The judgment call in one line: "would a scene built last month look different after this change?" Yes -> new version. No -> same version. When in doubt, bump; disk space is cheaper than re-approving forty shots.

Using & Sharing HDAs

An .hda file becomes available three ways, in ascending order of professionalism:

  • Install from file: File -> Import -> Houdini Digital Asset, or drop the file into $HOME/houdiniXX.X/otls. Fine for personal tools and trying things.
  • Shared path: put your studio's otls/ folder on $HOUDINI_OTLSCAN_PATH (usually via a packages JSON).
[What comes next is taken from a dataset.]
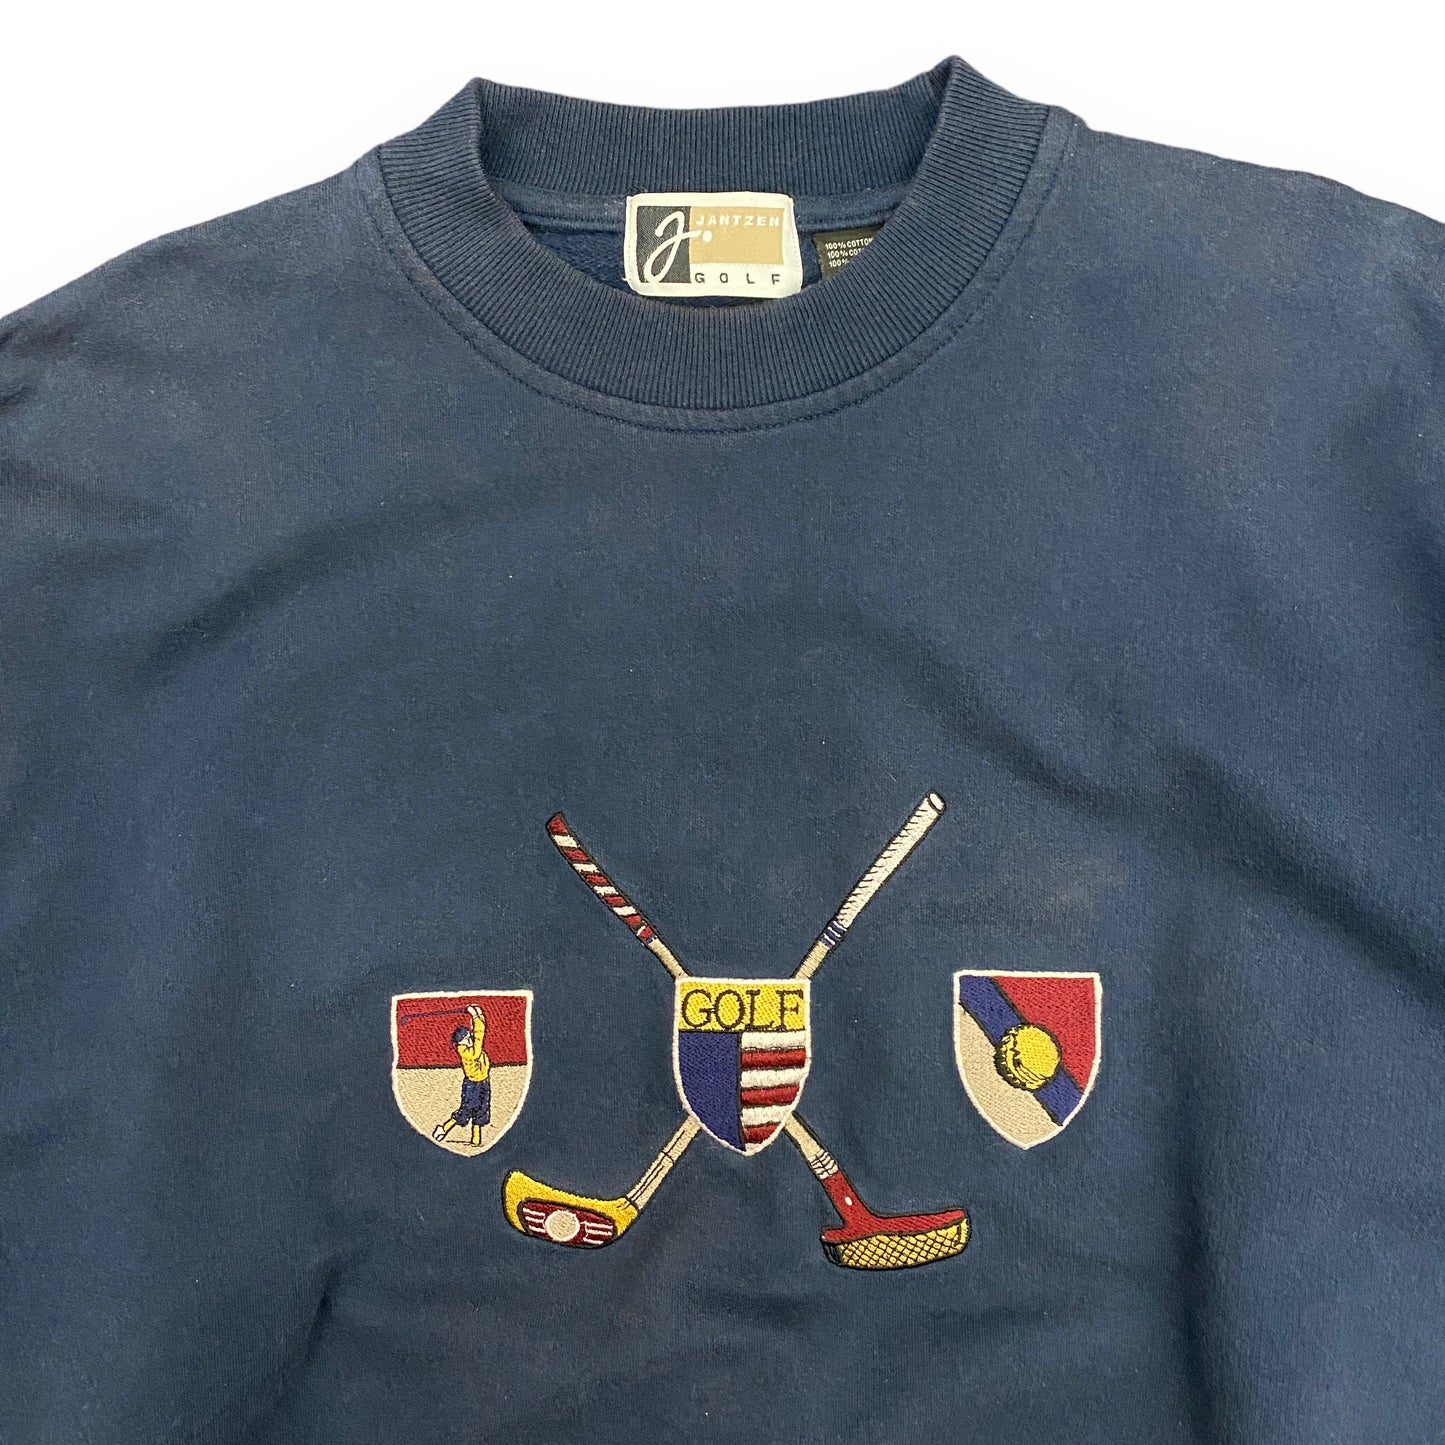 1990s Jantzen Golf Embroidered Crewneck Sweatshirt - Size Large

Every artist who launches Houdini gets the whole toolbox automatically - this plus version control is the standard studio setup.
  • Scripted install - for pipeline launchers and render farms:
Python - install & inspect from code
import hou

hou.hda.installFile(r"P:/studio/otls/studio.rock_scatter.1.0.hda")

# what's installed, and which definitions live in a file?
for defn in hou.hda.definitionsInFile(r"P:/studio/otls/studio.rock_scatter.1.0.hda"):
 print(defn.nodeTypeName(), "-", defn.description())
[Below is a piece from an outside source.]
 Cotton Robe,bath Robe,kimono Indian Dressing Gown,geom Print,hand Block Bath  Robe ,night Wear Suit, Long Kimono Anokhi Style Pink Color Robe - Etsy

Two distribution notes worth their scars: embedded HDAs (saved inside the .hip, "Embedded" in the library dropdown) are for one-off experiments only - they silently fork from the library version and produce the "works in my scene" genre of bug. And if your tool targets engines, the same .hda loads in Unreal/Unity via Houdini Engine - your promoted parameters become editor UI there too, which quietly doubles the audience of every interface decision you made above.
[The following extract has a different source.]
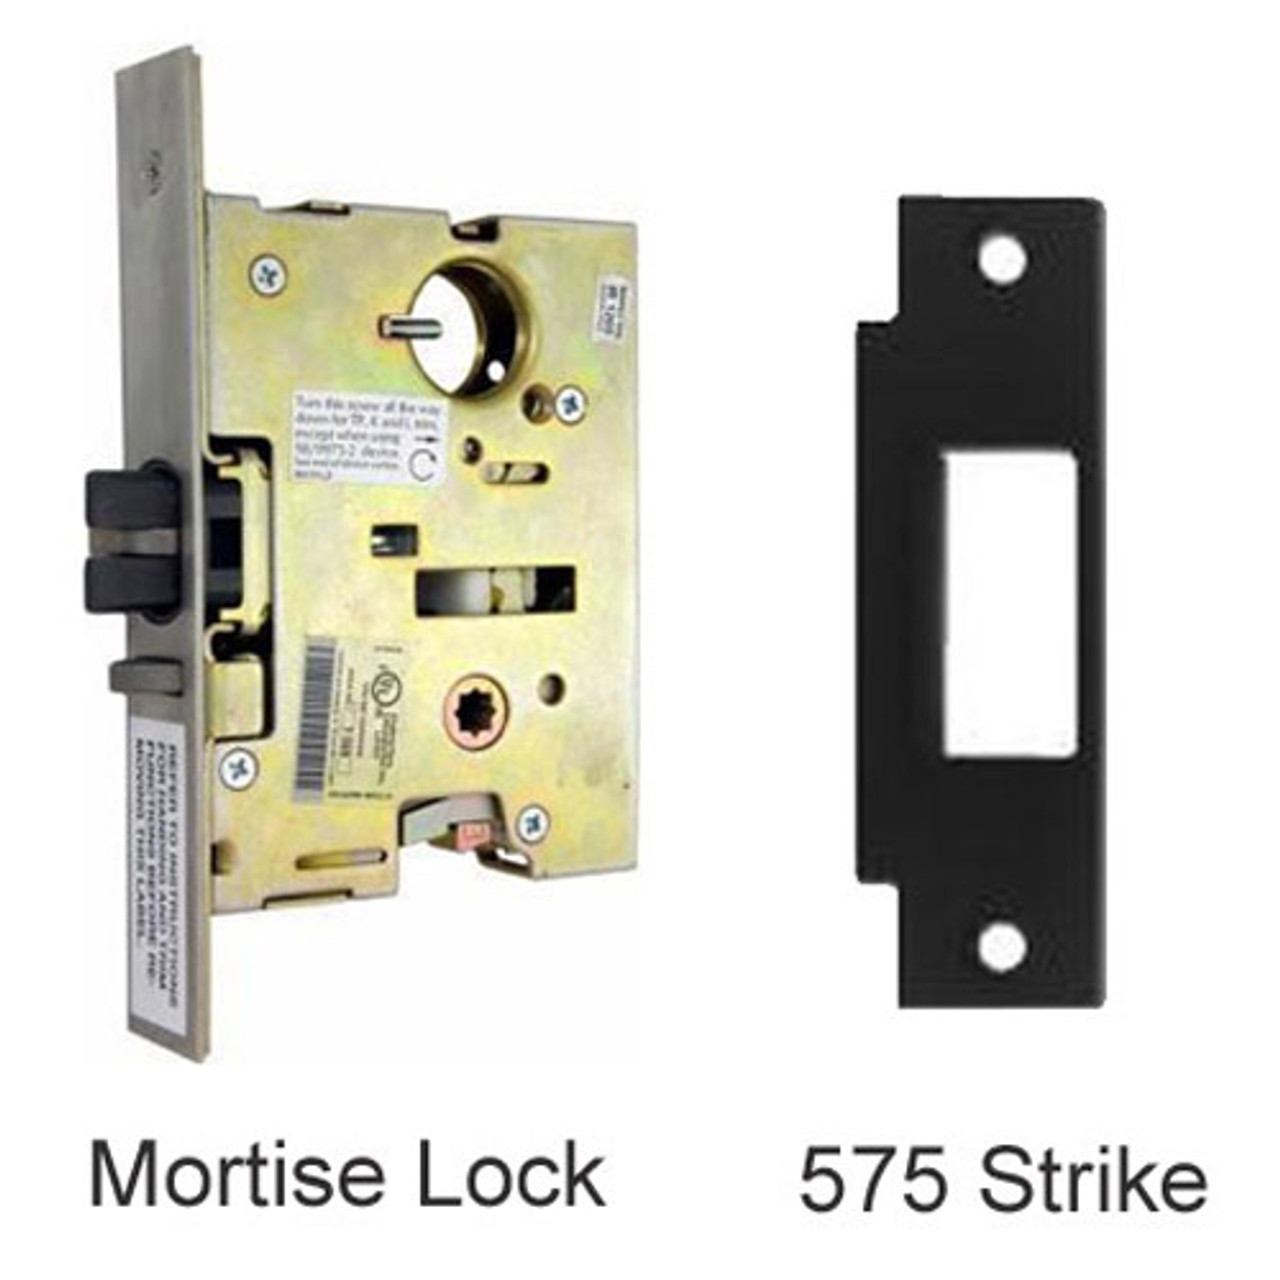 EL9875DT-US15-4 Von Duprin Mortise Lock and Strike

Design Guidelines (The Checklist)

  • Define clear inputs and outputs - label them in Type Properties ("Base Geometry", "Guide Curves"); end the internal network at a Null named OUT.
  • Promote few, promote well - every exposed parameter is support surface. Five great controls beat twenty-five accurate ones.
  • Help tab + tooltips - fill in the Help tab in Type Properties; an HDA with real help text feels like something you can actually ship.
  • Version with namespaces - studio::tool::X.Y, bump on breaking changes, keep old versions installed.
  • Validate inputs loudly - fail with a sentence, not a cryptic downstream explosion:
VEX - input validation wrangle (Detail mode, first node inside)
int npts = npoints(0);

if (npts == 0)
 error("No input geometry. Connect a surface to input 1.");

if (!hasattrib(0, "point", "N"))
 warning("No normals on input - rocks will orient to world up.");

// stash metadata for downstream nodes
setdetailattrib(0, "_input_ptcount", npts);
HDA Best Practice

Store team HDAs in a shared $HOUDINI_PATH library under version control. Embedded HDAs are for project one-offs only. And treat the parameter interface like API surface - because scenes, scripts, and Houdini Engine sessions all depend on those names staying put.